# No idea what to do with her ears - help?



## Pennykeating (Mar 4, 2015)

This is our baby girl Timber. she just turned 5 months old. Her ears have been going up and down, but mostly down. Not planning on taping or gluing - we have two other dogs and they would chew it right off her lol - she is very good tempered and all three dogs love to roll around and play. She is teething like crazy right now, just found 2 of her teeth on the rug after she was chewing her bone. Husband and I are just wondering - is there still a chance her ears will stand up? 90% of the time they are still down!


----------



## GatorDog (Aug 17, 2011)

Pushing 6 months, I would personally consider helping them stand with some sort of secondary support. Could your breeder help you?


----------



## Pennykeating (Mar 4, 2015)

cant tape - cant glue. Was just hoping for them to stand. If we were to glue or tape, the other two dogs would eat it right off her when we aren't home!


----------



## Jayfeather (Dec 28, 2014)

My dog's ears were just like that at 5 months. You can wait and see, but I made the mistake of waiting until about 6 1/2 to 7 months to tape them. He just turned 1, and his left ear is still floppy, still taped. If there's any chance, maybe you could tape or glue them and keep her crated when you can't supervise? Personally that's what I would do, but if it's really not possible you can wait and see.


----------



## SuperG (May 11, 2013)

ear forms.....investigate those if you haven't already....completely inside the ear....perhaps you could spray some nasty bitter stuff on the ear forms as well...just to make sure the other dogs leave them alone.

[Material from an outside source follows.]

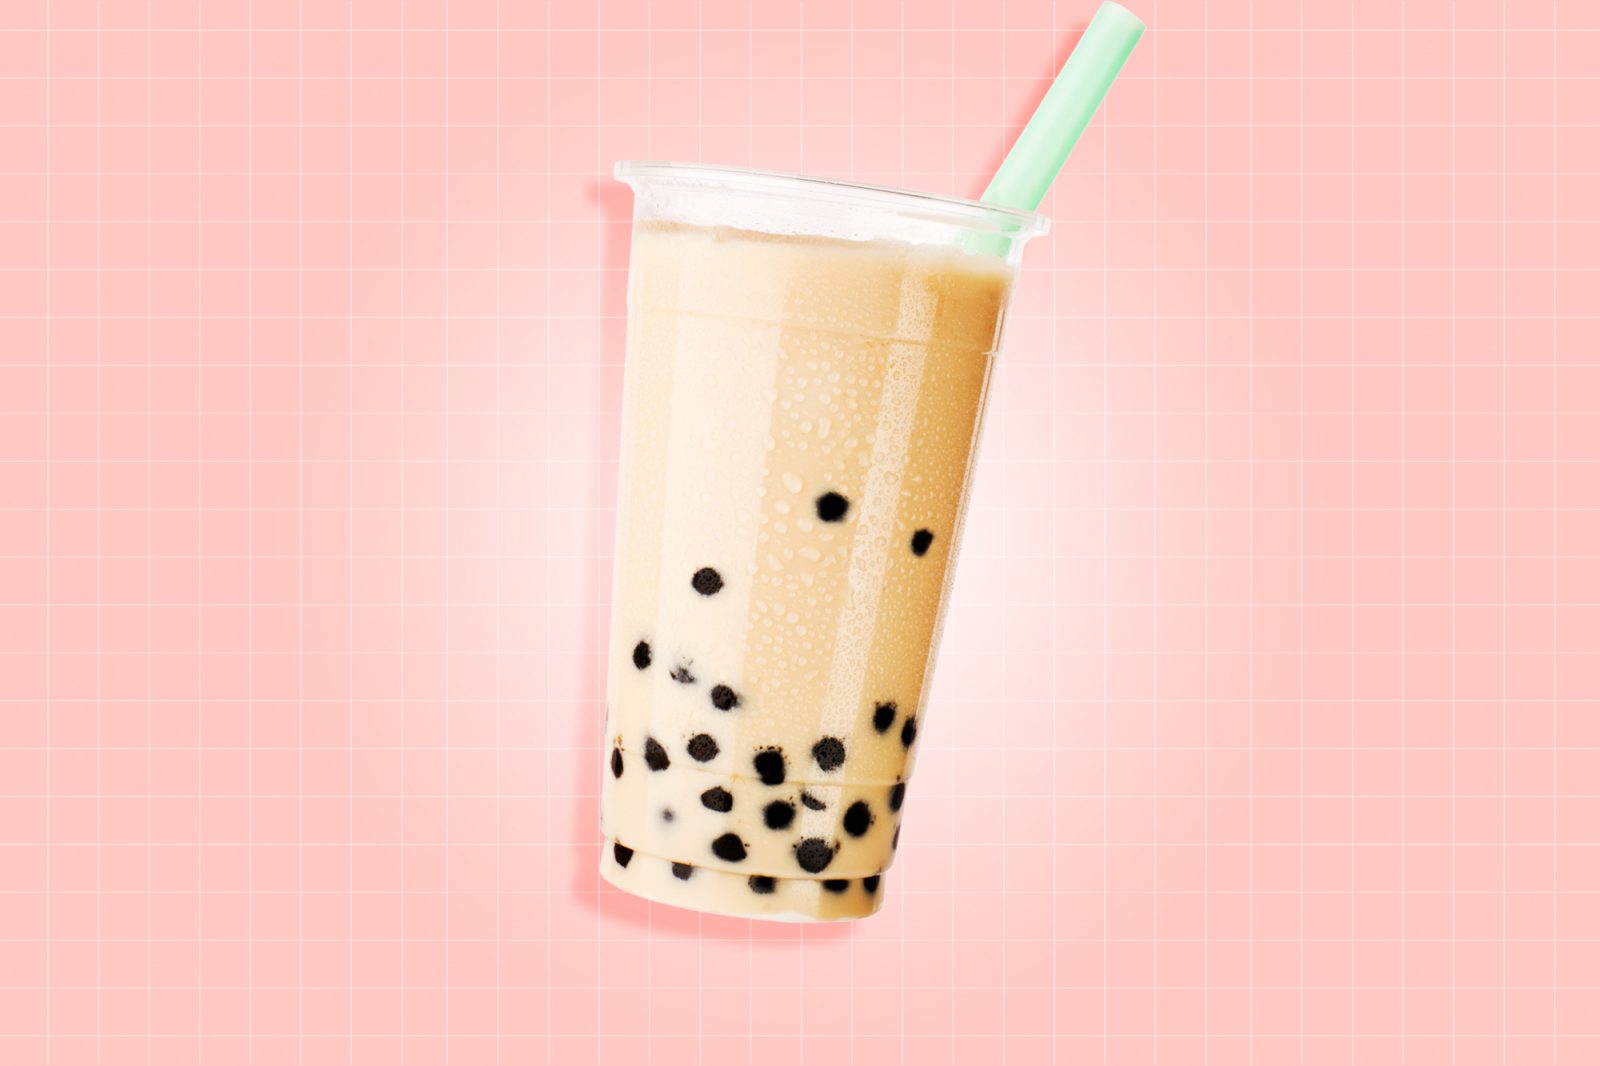 These Are the 32 Worst Foods in the Human Diet, According to AI – How Many Have You Eaten Recently? Bubble tea boba

[ame]http://www.amazon.com/Support-Forms-Skin-Glue-Place/dp/B00J9VI5L2[/ame]

Bitter Flavor Sprays and other Taste Deterrents for Pets

SuperG


----------



## Puppypawzx (Nov 12, 2014)

I think it's very possible, but they might need some help. I think they'd stand fer' sure if you taped/glued them up. But if you don't have the time to do that, and you don't really care if they stand or not than it's not a big deal. They may stand in time, they may not.


----------



## GSD2 (Jan 27, 2012)

My dogs ears were late in standing, as well. I was told if they were standing at any point in time they will very likely be fine. Puppy ears often fall while they are teething. They are big heavy ears, I hear that giving good chew bones strengthen the muscles that help the ears stand. Good luck, he is adorable.


----------



## Big Brown Eyes (Jan 11, 2015)

Hello,
You have a beautiful dog. GSD's look good with ears standing up, and it is a kind of a mini-obsession with many owners to have their pup's ears stand up at the earliest. 

I would recommend
1) Tape your pup's ears now. Later (as some one pointed out), might not have the desired effect.
2) If your other 2 dogs might hamper the taping, you just have to find a way to keep those 2 dogs away from the pup with the taped ears.

The choice is essentially yours, but I would tend to think that the trouble of 2-3 weeks of keeping the 2 dogs separated from the pup, while the pup's ears are taped is worth while the effort. Especially since the other side of it is, in the 12-14 years the pup lives, you will have a "friendly eared" GSD. 

So 2-3 weeks of trouble vs. 14 years of friendly ears. 

You have to decide.


----------